If I understand biometrics correctly, one part of the system compares the input 
with a database of known fingerprints and returns a confidence value that the 
input is indeed part of the database. This value is then processed by the main 
system which probably determines if it's within a certain tolerance in order to 
grant access to whatever the system is protecting.

What the paper describes seems to be the acquisition of this confidence value 
after inputting a false fingerprint and making changes to its input based on 
that. In the paper it shows pictures of minutiae and the simulated inputs, as 
well as the original fingerprints. The simulated minutiae don't, in my opinion, 
come close to the originals, but are enough to return a confidence value high 
enough to pass the tolerance value of the system. So, to answer your question, 
if you kept running the program indefinitely in order to receive a perfect 
score then, yes, you can retrieve the raw data.
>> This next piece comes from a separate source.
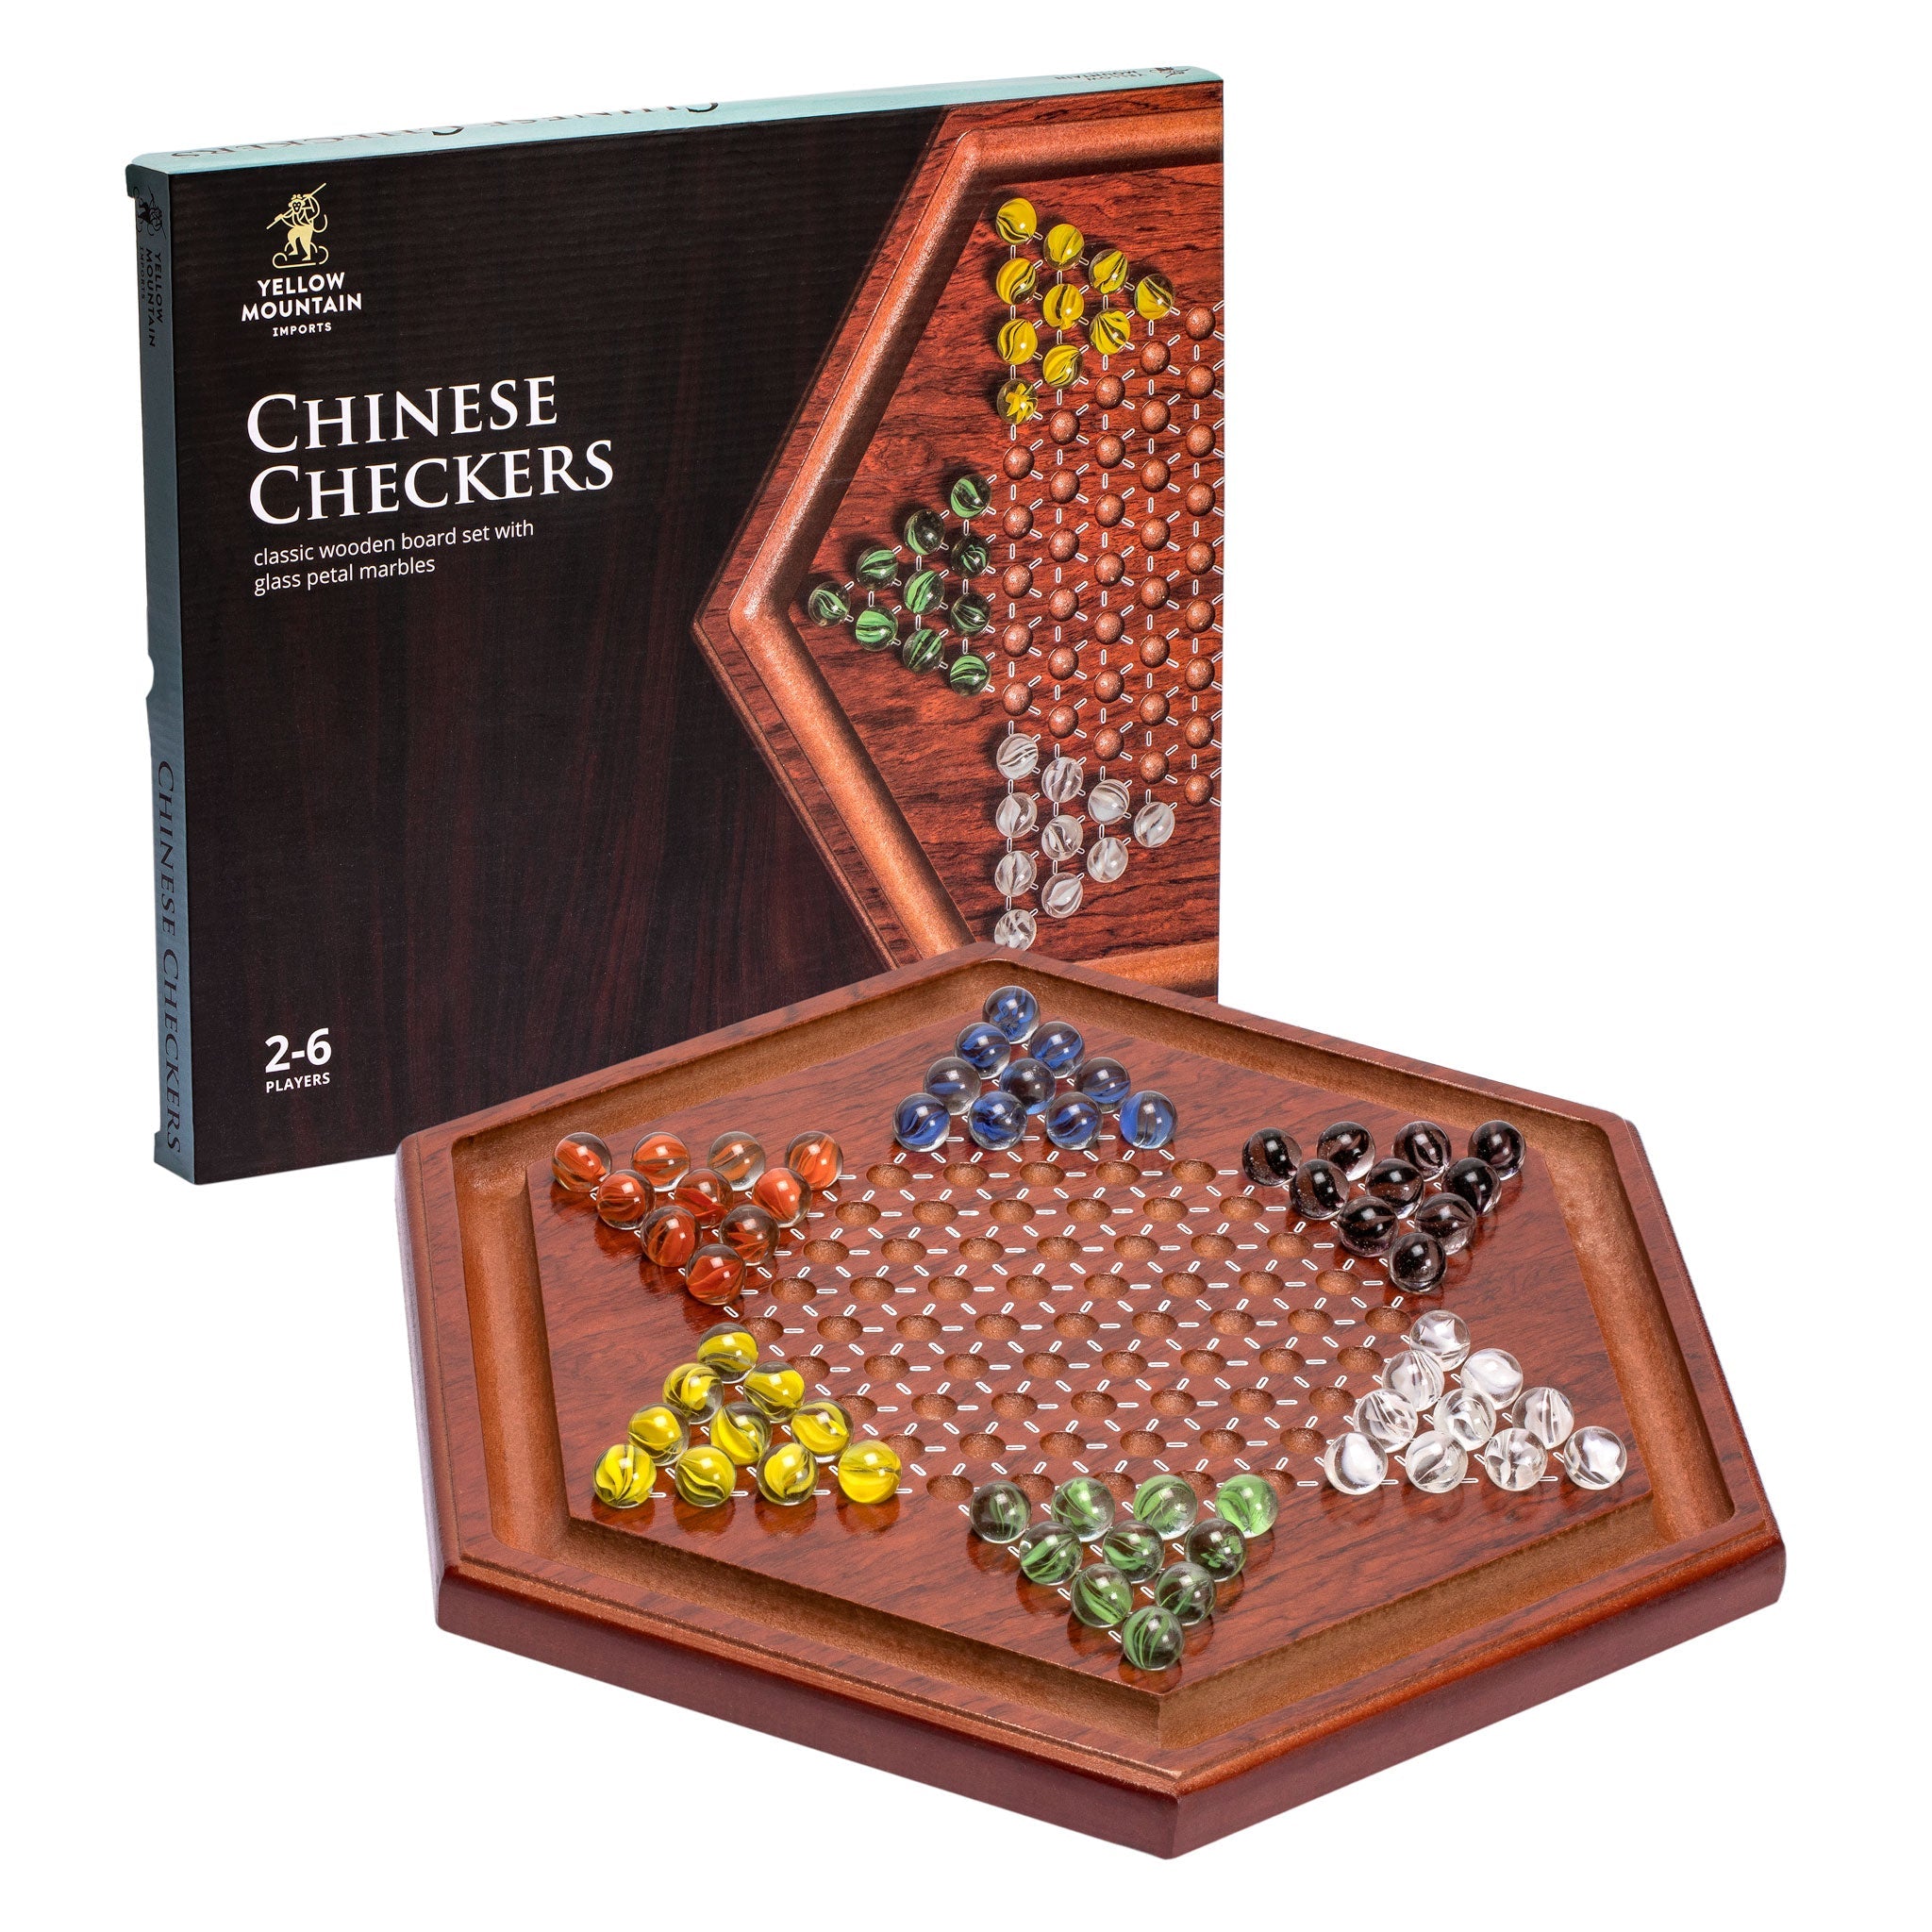 House Of Marbles 2 Player Chess

But it'd take a helluva long 
time... Hence the idea of computationally secure systems.

Cheers,

Leading Seaman/Matelot de 1re classe Robin Lowe

Naval Communicator, HMCS EDMONTON
Department of National Defence / Government of Canada
[email protected] / Tel: 250-363-7940

Communicateur Naval, NCSM EDMONTON
Ministère de la Défense nationale / Gouvernement du Canada
[email protected] / Tel: 250-363-7940

"The quieter you are, the more you are able to hear."

-----Original Message-----
From: [email protected] 
[mailto:[email protected]] On Behalf Of dave aitel
Sent: April-12-16 1:32 PM
To: [email protected]; [email protected]; [email protected]
Subject: [Dailydave] Fingerprint biometrics attack paper...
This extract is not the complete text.